# Como conecto el mp3 a una radio de coche (con cargador de cd)



## Electropower (Jun 20, 2010)

Hola a todos

soy nuevo en el foro 
jeje la preguntita de calcular la resistencia esta bien pensada, menos mal que he dado ese tema en tecnologia hace poco 

Bueno el tema es que tengo una radio de un peugeot partner de mi padre (fuera del coche), la radio es una Clarion PU-2294B D,
conectada con una fuente de alimentacion y quisiera saber si puedo conectar el mp3 a esa radio, la radio lleva lector de cd y un conector para el cargador de cd's
creo que la unica forma que habría de conectarla seria mediante la conecxion para el cargador , lo que me preocupa es que no detecte que esta el mp3 y ponga: no cd charguer detected.. 

¿que opinais vosotros? podria conectarlo de alguna manera, aunque sea abriendola, lo que sea..

aqui algunas fotos(las ultimas)
http://picasaweb.google.com/101347596651275274168/DropBox#


----------



## Electronec (Jun 20, 2010)

Bienvenido a FE:

Consigue el manual de instalación y mira si tiene entrada auxiliar.

Si la tiene, que seguro que sí, lo tienes hecho.

Saludos.


----------



## Electropower (Jun 20, 2010)

no , no tiene, tiene lo que se ve en las fotos. lo que quiero saber es si con la entrada del cargador de cds se podria hacer algo para conectar el mp3


----------



## Electronec (Jun 20, 2010)

¿Tienes el manual?

Me temo que con la entrada para el cargador de CD's no va a ser posible. Esa conexión entre ambos dispositivos se realiza mediante un bus de comunicaciones digital, y tu MP3 tiene salida de audio analógica.

Saludos.


----------



## Electropower (Jun 20, 2010)

el manual no lo encuentro en ningun lado, en las instrucciones del coche no he visto ningun esquema de cables ni nada  es una Clarion PU-2294B


----------



## zxeth (Jun 20, 2010)

a que te referis con el cargador de cd's?, si tiene una ficha tipo las que tienen los auriculares para conectar mas que seguro se pude, sino vas a tener que abrir el aparato, buscar el amplificador y injectar la senial desde ahi (no tengo enie)


----------



## Electropower (Jun 20, 2010)

tiene un conector con 20 pines
http://picasaweb.google.com/101347596651275274168/DropBox#5484854743415714482 
es el de arriba, el que esta sin cables. 
tiene un conector con 20 pines al que se enchufa la clavija que va al cargador de cd, y como sabria donde esta el amplificador, la abro y le hago una foto y la ves aver si sabes algo
?


----------



## Electronec (Jun 20, 2010)

No quiero ser pesado pero habre instalado auxiliares para MP3 de mis amigos...................ni me acuerdo.

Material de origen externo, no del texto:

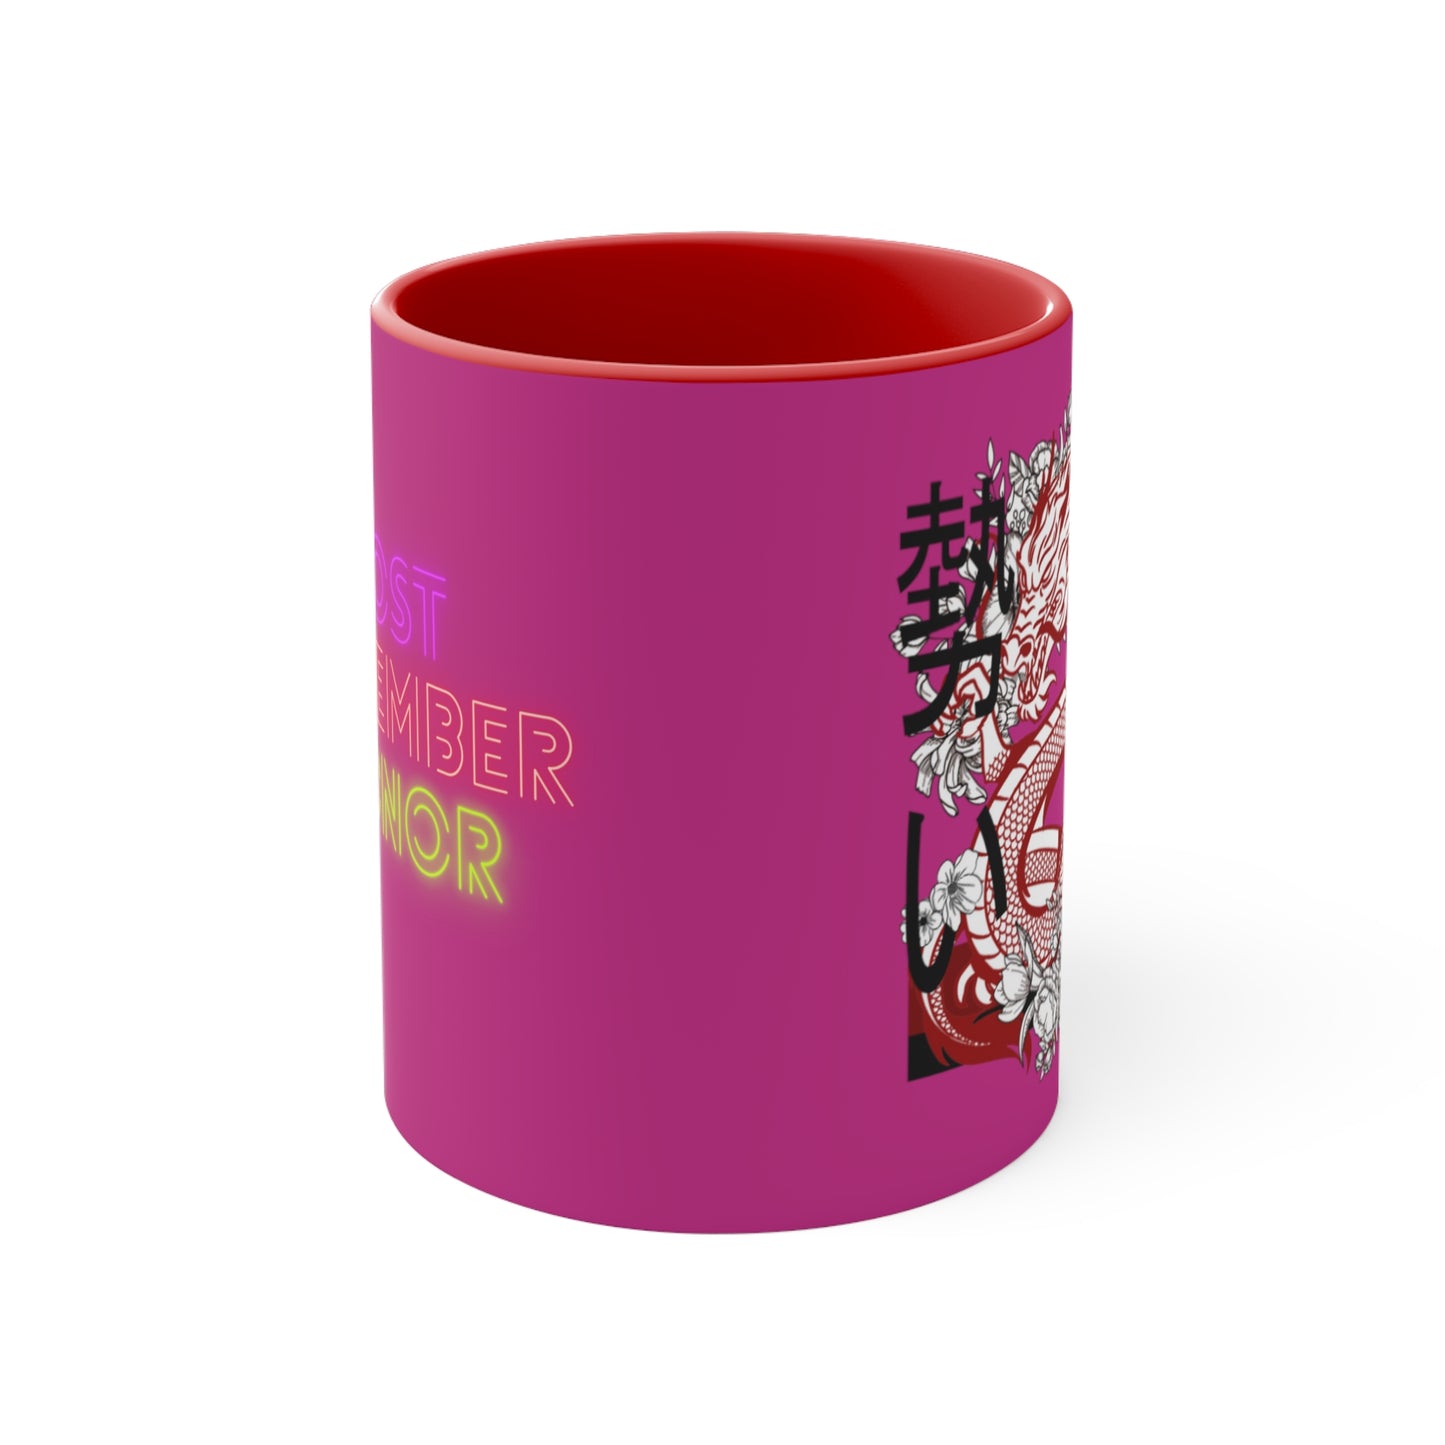 Accent Coffee Mug, 11oz: Dragons Pink

Descargate el manual en internet del modelo de tu loro, no pretenderas que a distancia, te resolvamos la instalación.

Acme caso .......Búscalo.

Saludos.


----------



## Electropower (Jun 20, 2010)

enserio he mirado el manual del coche y no aparece ningun esquema de la radio, solo los botones... y por internet pongo el modelo y solo aparecen foros preguntando por el manual ponedlo vosotros si no os lo creeis mira http://groups.google.com/group/uk.rec.audio.car/msg/0550a3396bd7ada6,
 he buscado en ingles nadalarion PU-2294B scheme y nada


----------



## lubeck (Jun 20, 2010)

No te convendria mas usar algo como estos aparatejos...
los del encendedor de auto...

http://listado.mercadolibre.com.mx/mp3-fm_AuctTypeID_AFP_DisplayType_G_OrderId_BIDS_Qshow_48

saludos


----------